*** Opening of Record excerpts ***

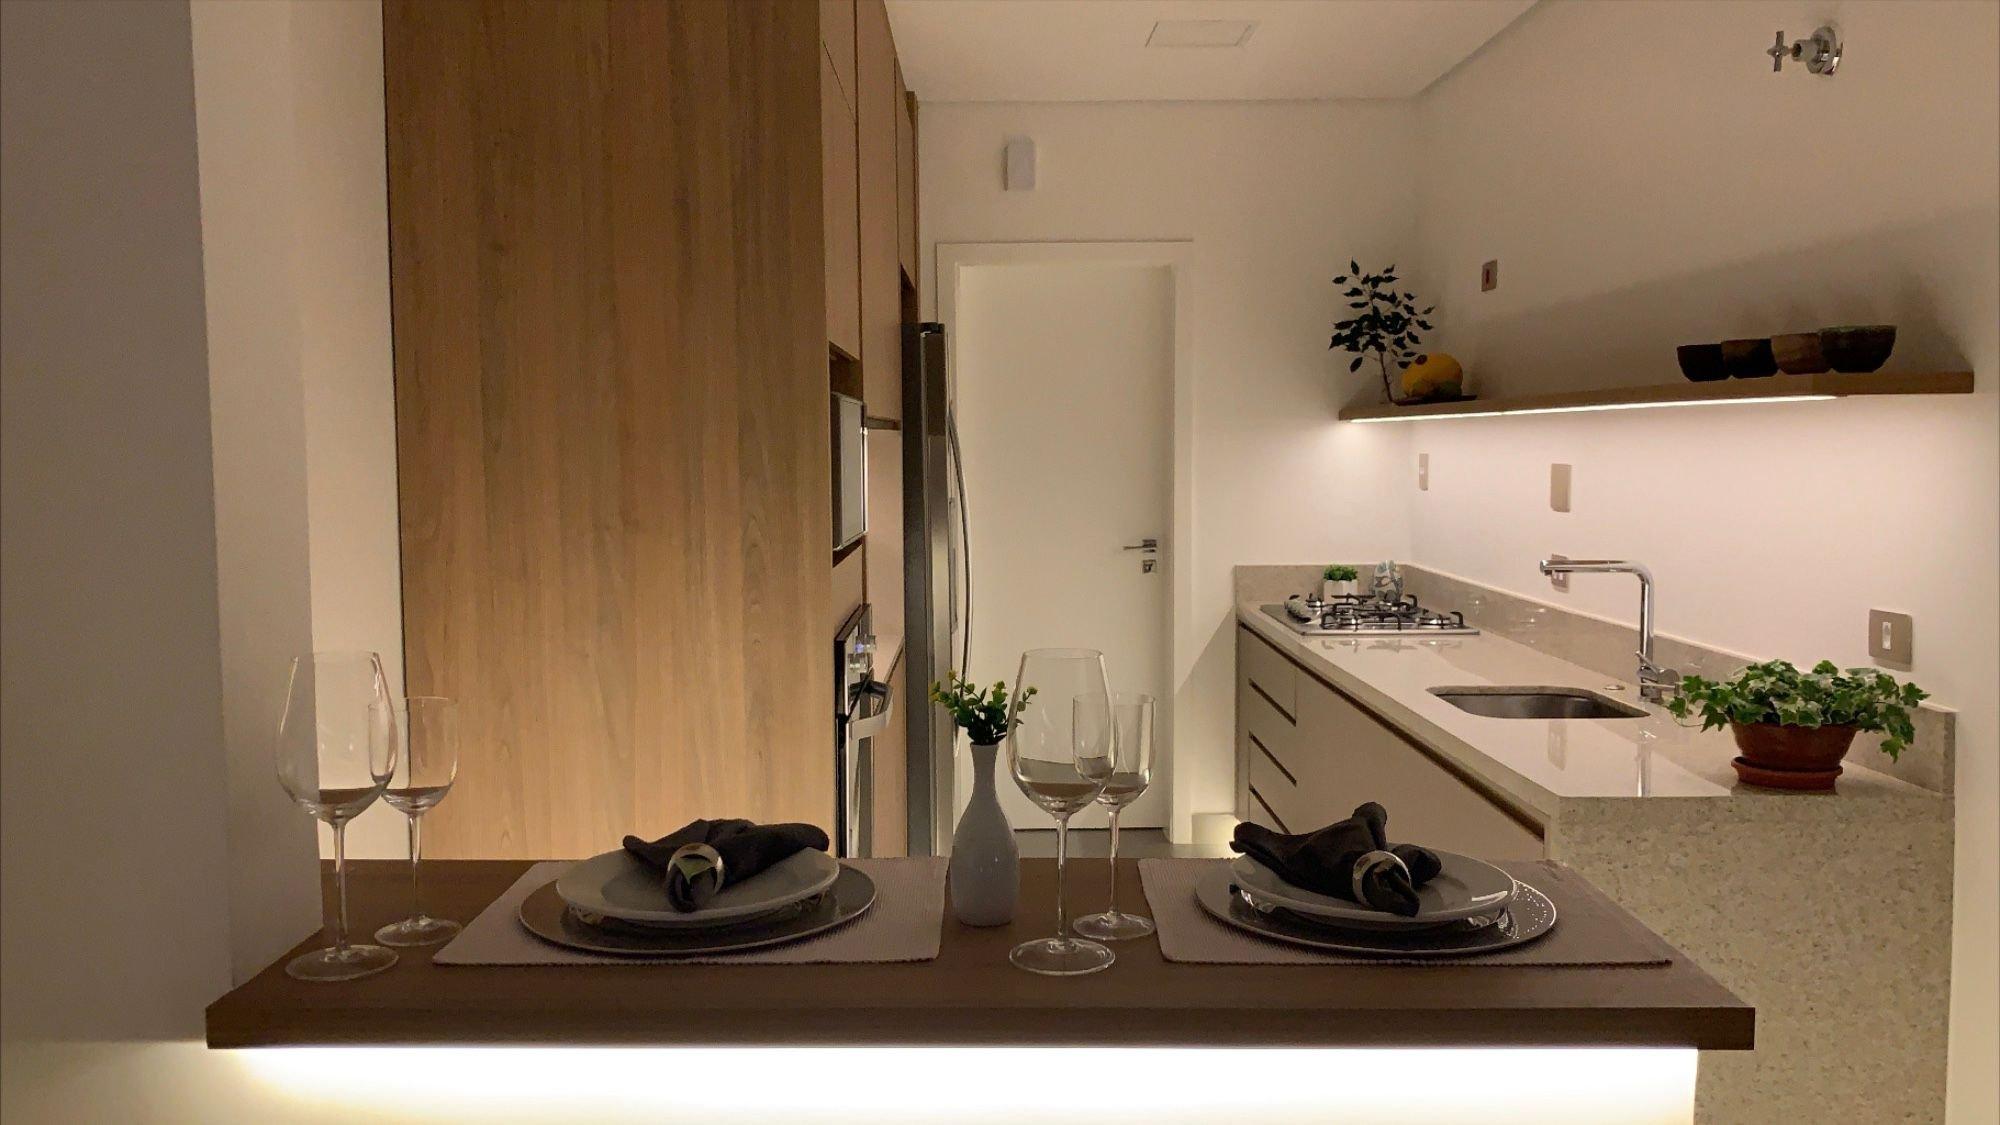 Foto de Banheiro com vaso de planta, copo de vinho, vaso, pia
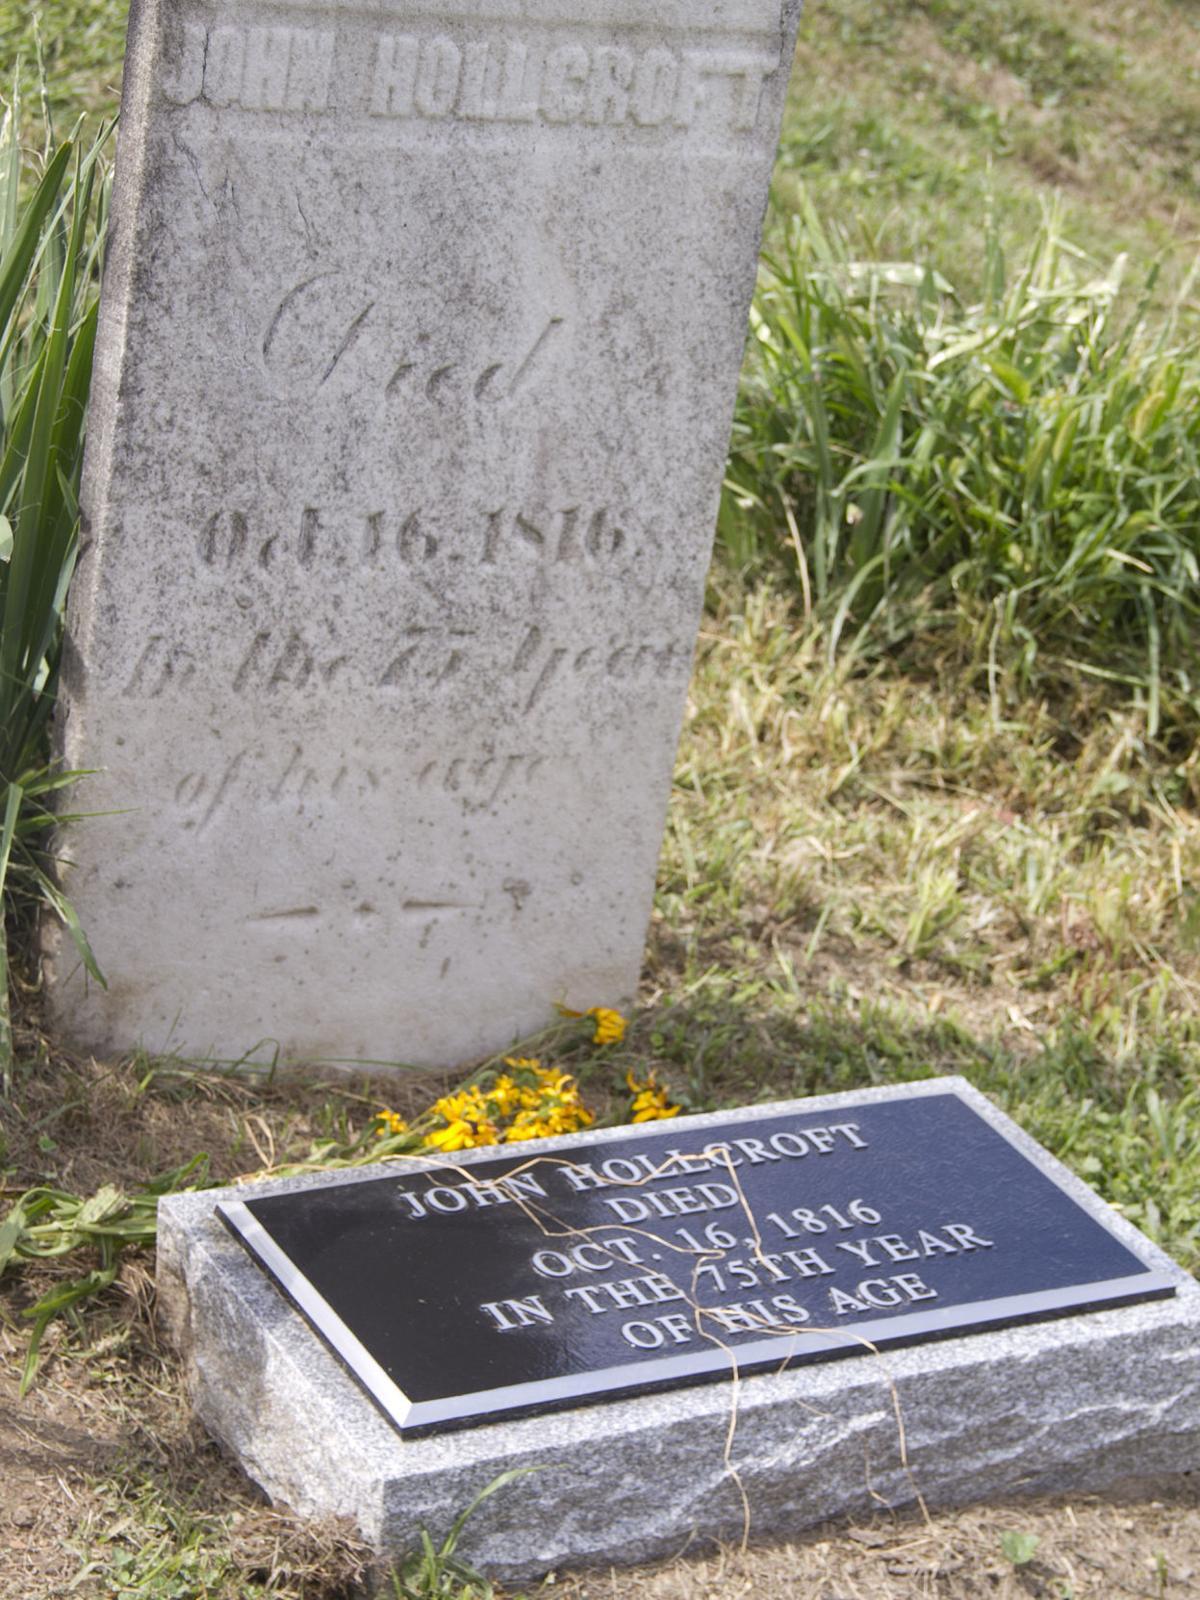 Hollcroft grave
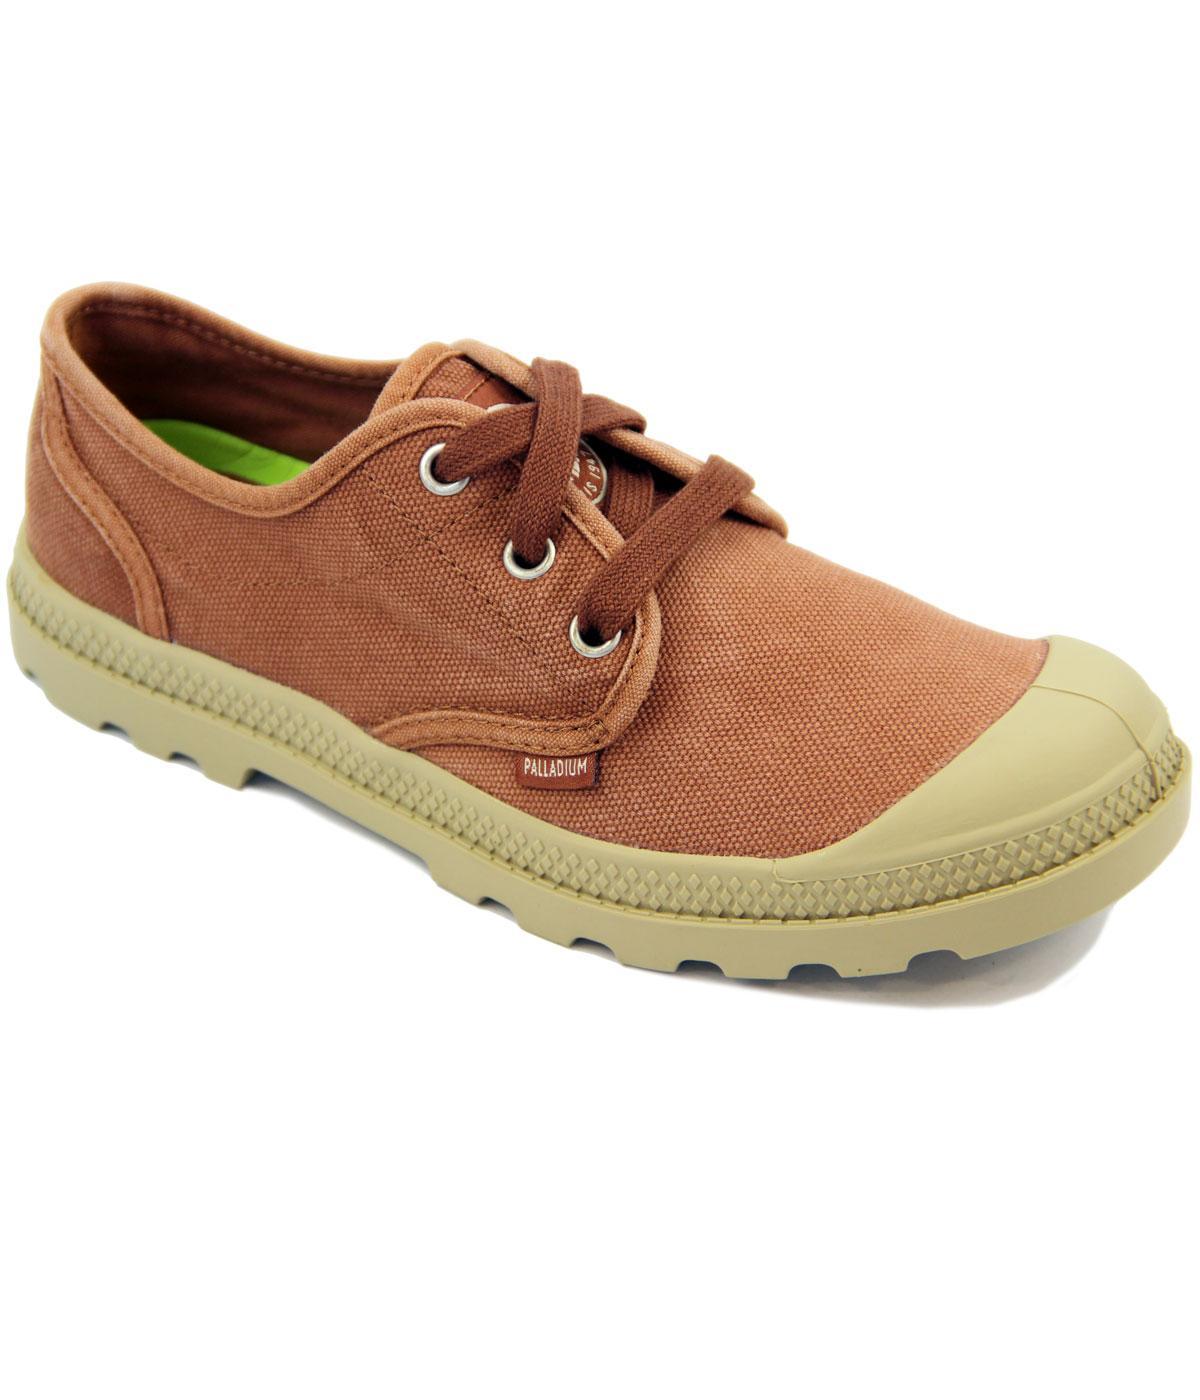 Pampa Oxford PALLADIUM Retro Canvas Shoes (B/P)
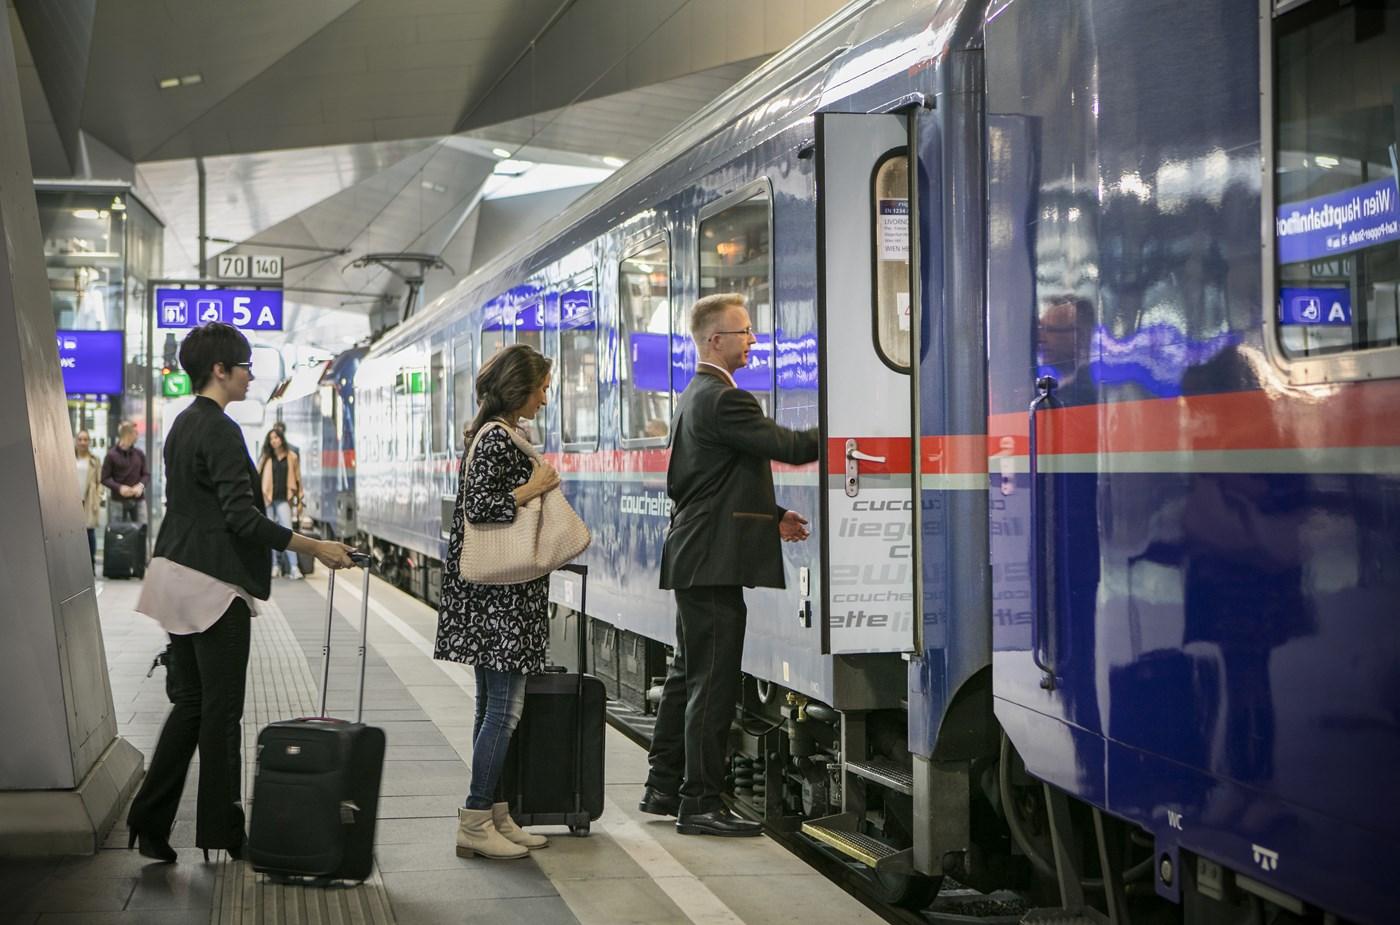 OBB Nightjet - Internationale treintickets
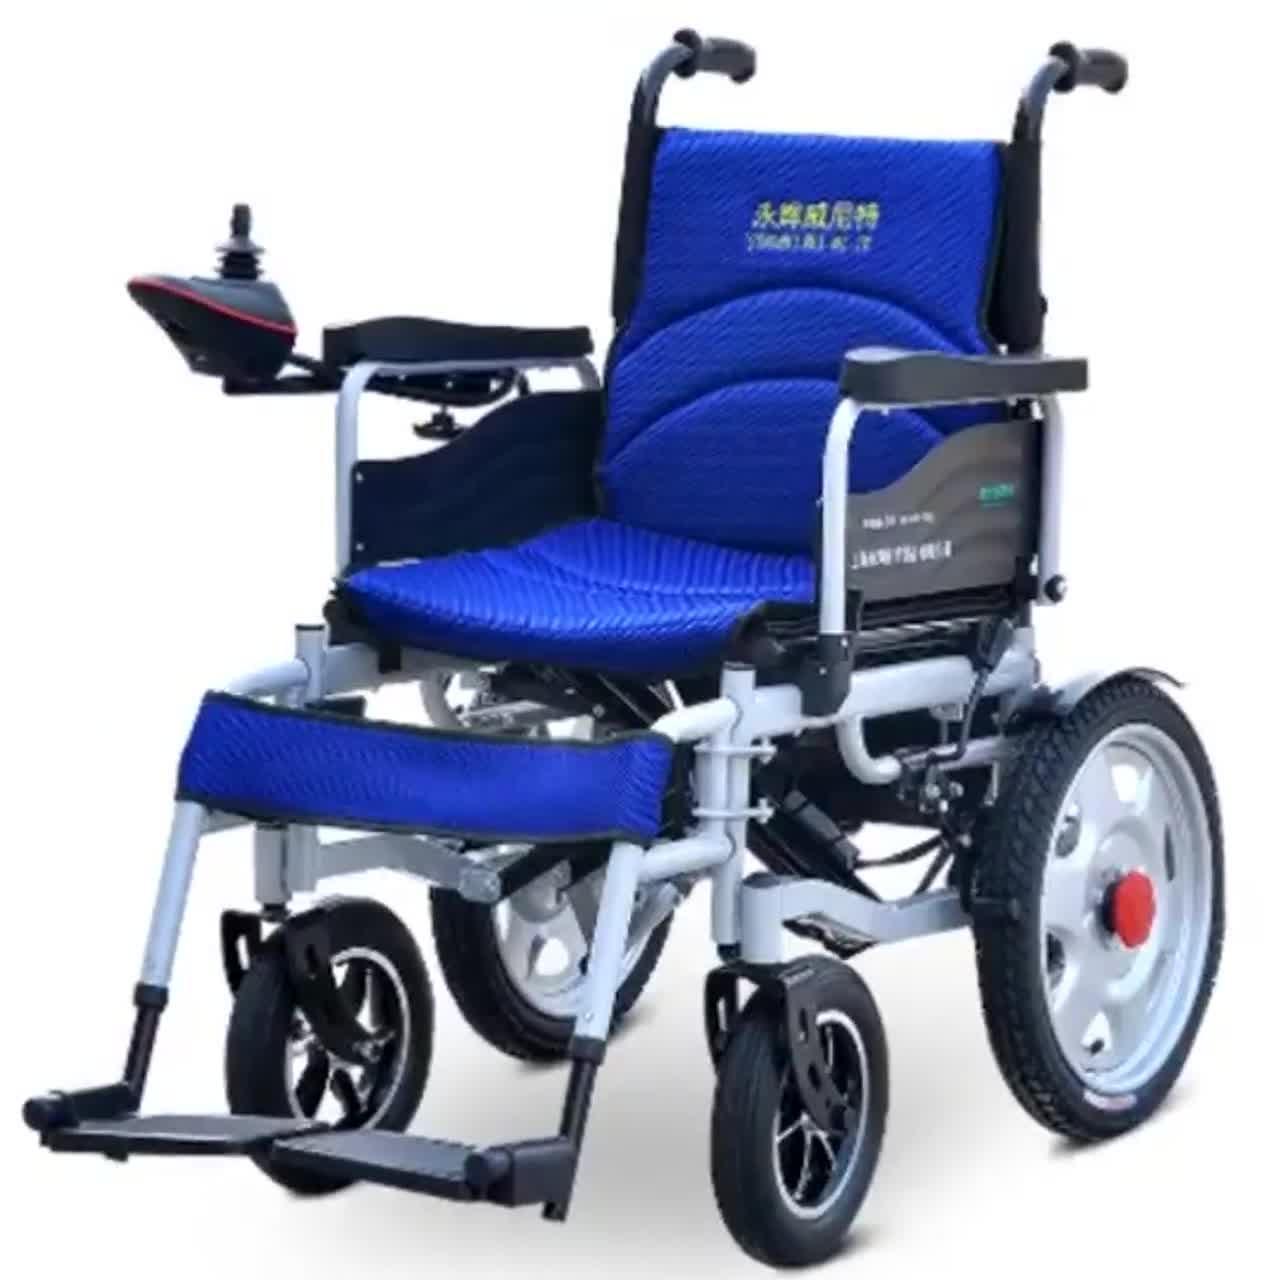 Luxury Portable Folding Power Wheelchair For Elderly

*** Close of Record excerpts ***

Begin at the line with "OBB Nightjet - Internationale treintickets" and retype exactly every line through the last one of the entries above, both included, and nothing more; pictures stay out.

 OBB Nightjet - Internationale treintickets
 Luxury Portable Folding Power Wheelchair For Elderly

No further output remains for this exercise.